HOW TO COMPLETE THIS TASK:
Using the entries that follow, transcribe only the lines from the line with "ガチャガチャ専門店 ガッチャマニアの投稿写真3" to the line with "Wedding Dresses by", both included, exactly as they stand and without pictures.

ENTRIES SHOWN:
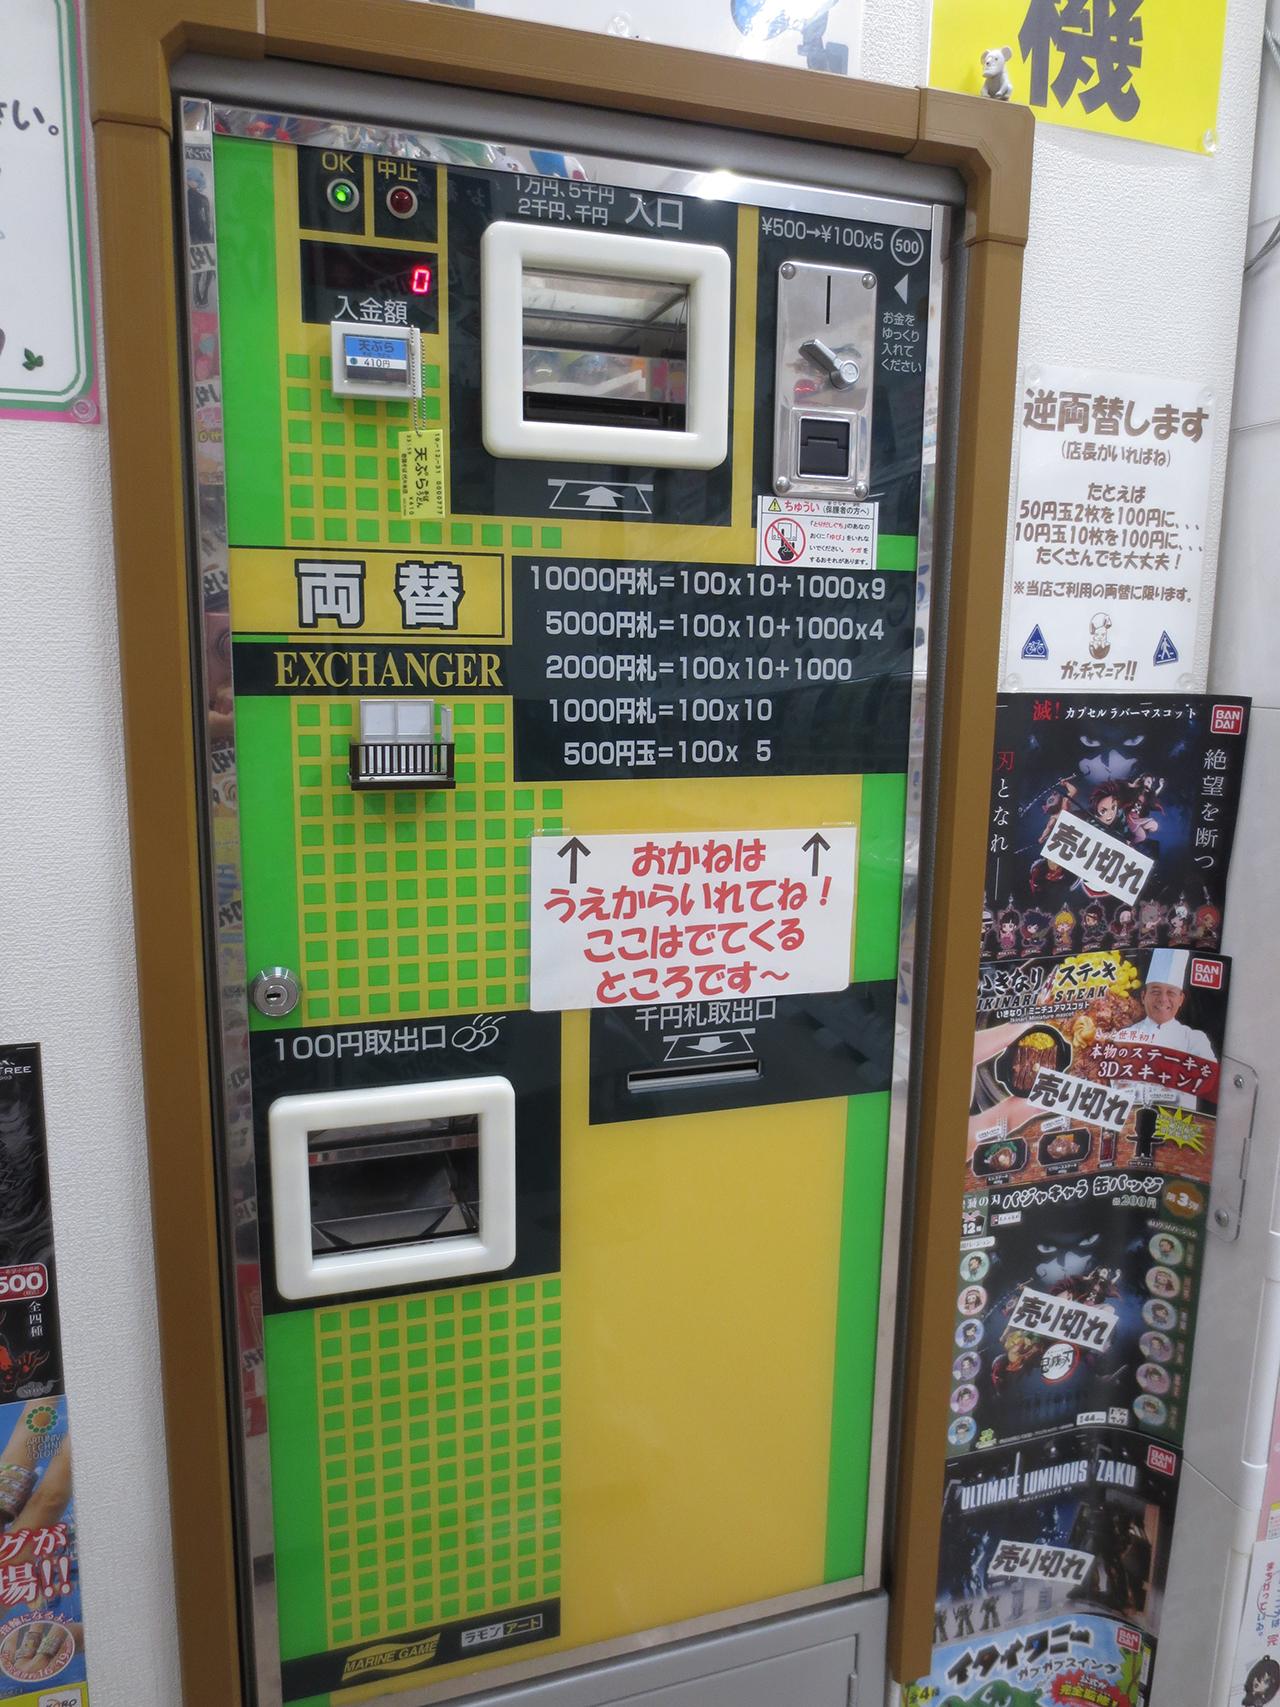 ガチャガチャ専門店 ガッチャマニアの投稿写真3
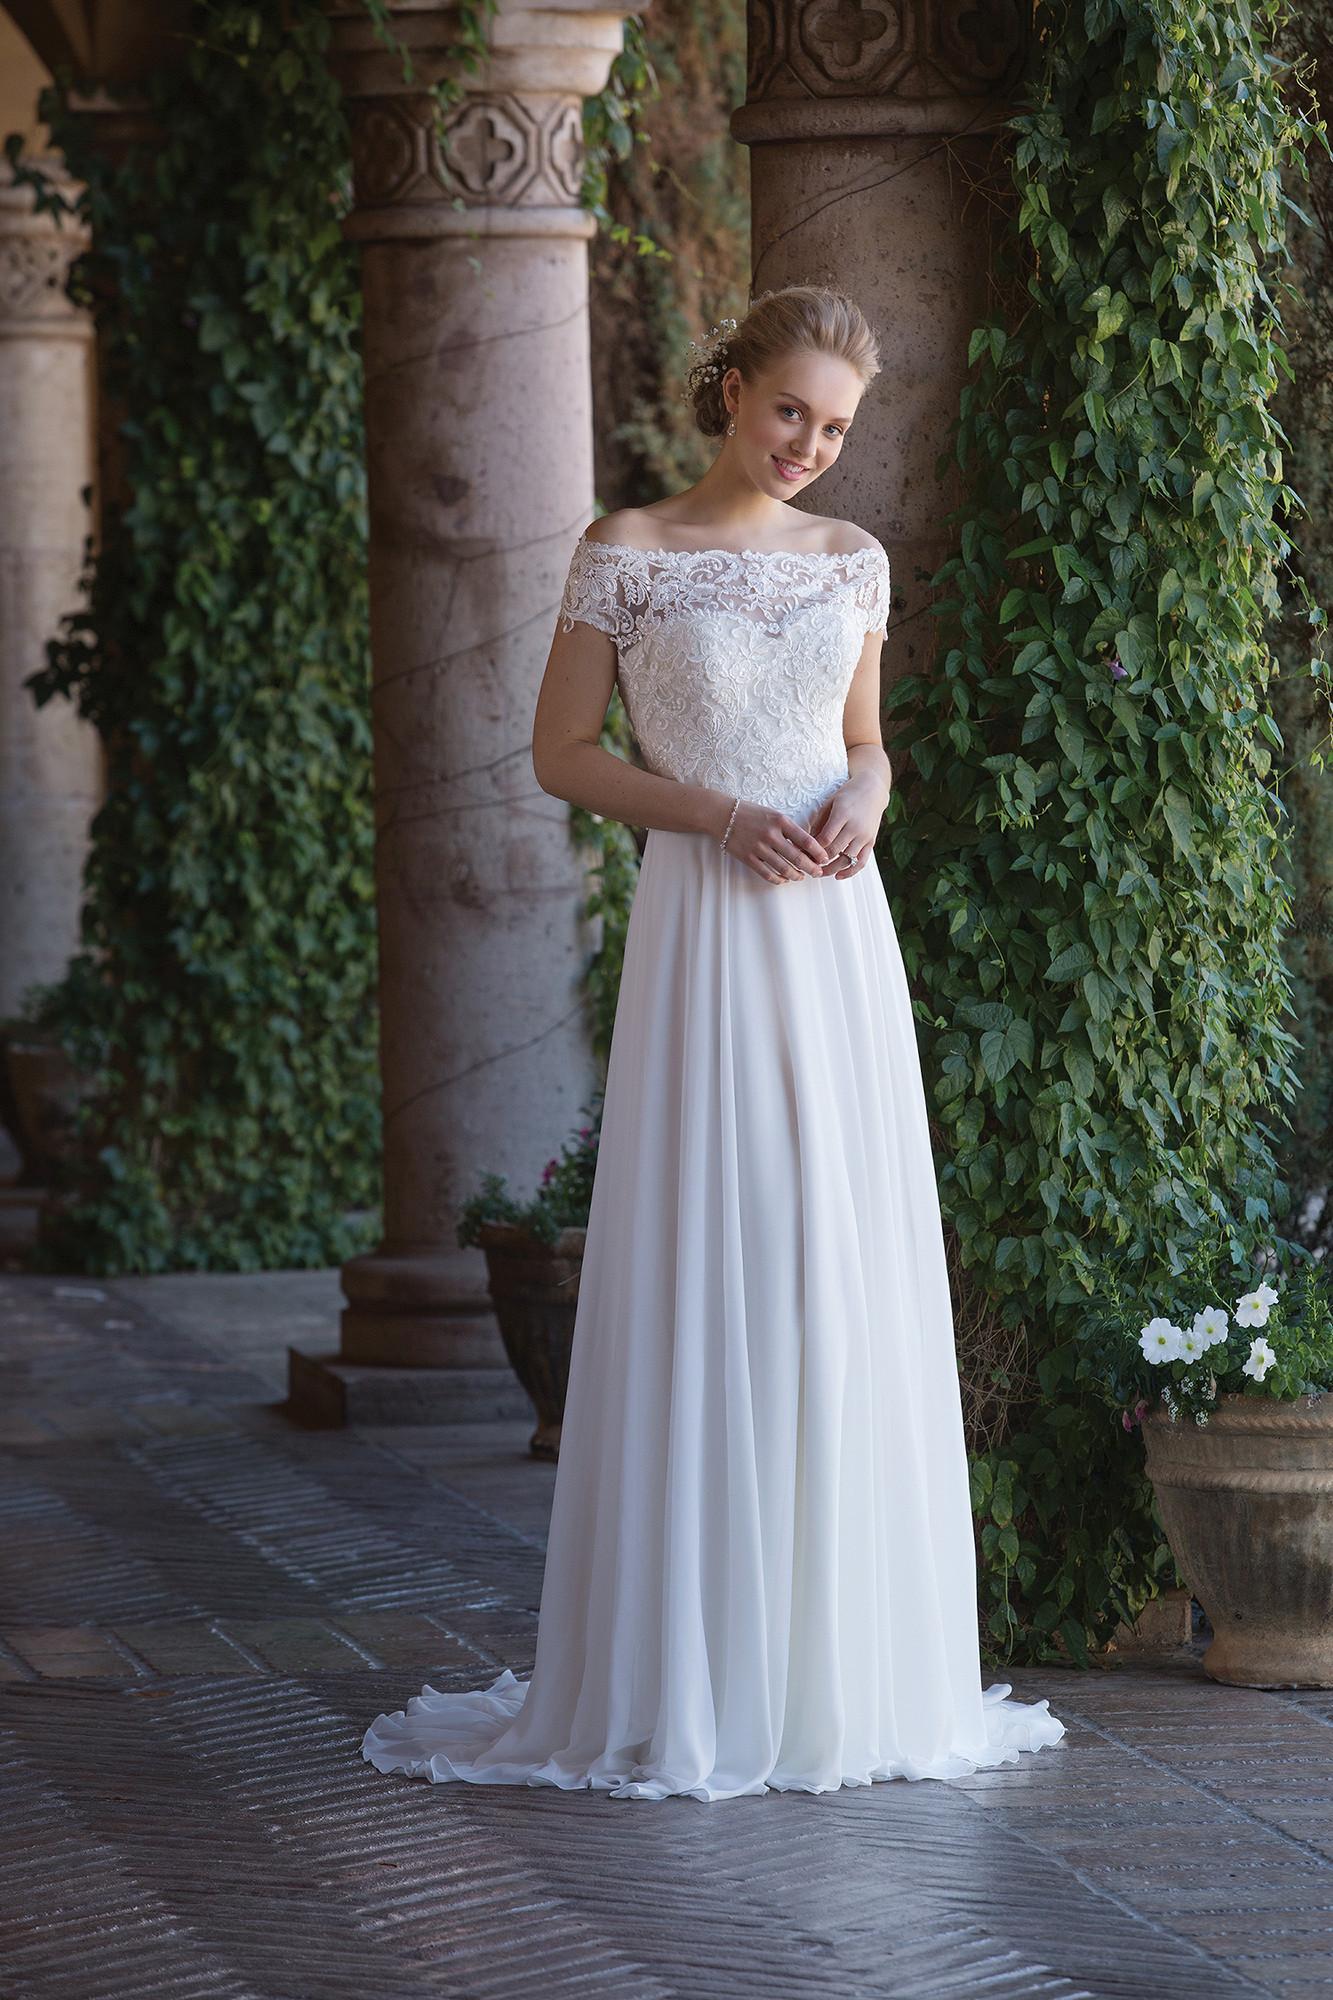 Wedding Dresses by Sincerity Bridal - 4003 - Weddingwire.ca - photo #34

--

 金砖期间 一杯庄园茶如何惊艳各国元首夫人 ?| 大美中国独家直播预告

ANSWER BELOW:
 ガチャガチャ専門店 ガッチャマニアの投稿写真3
 Wedding Dresses by Sincerity Bridal - 4003 - Weddingwire.ca - photo #34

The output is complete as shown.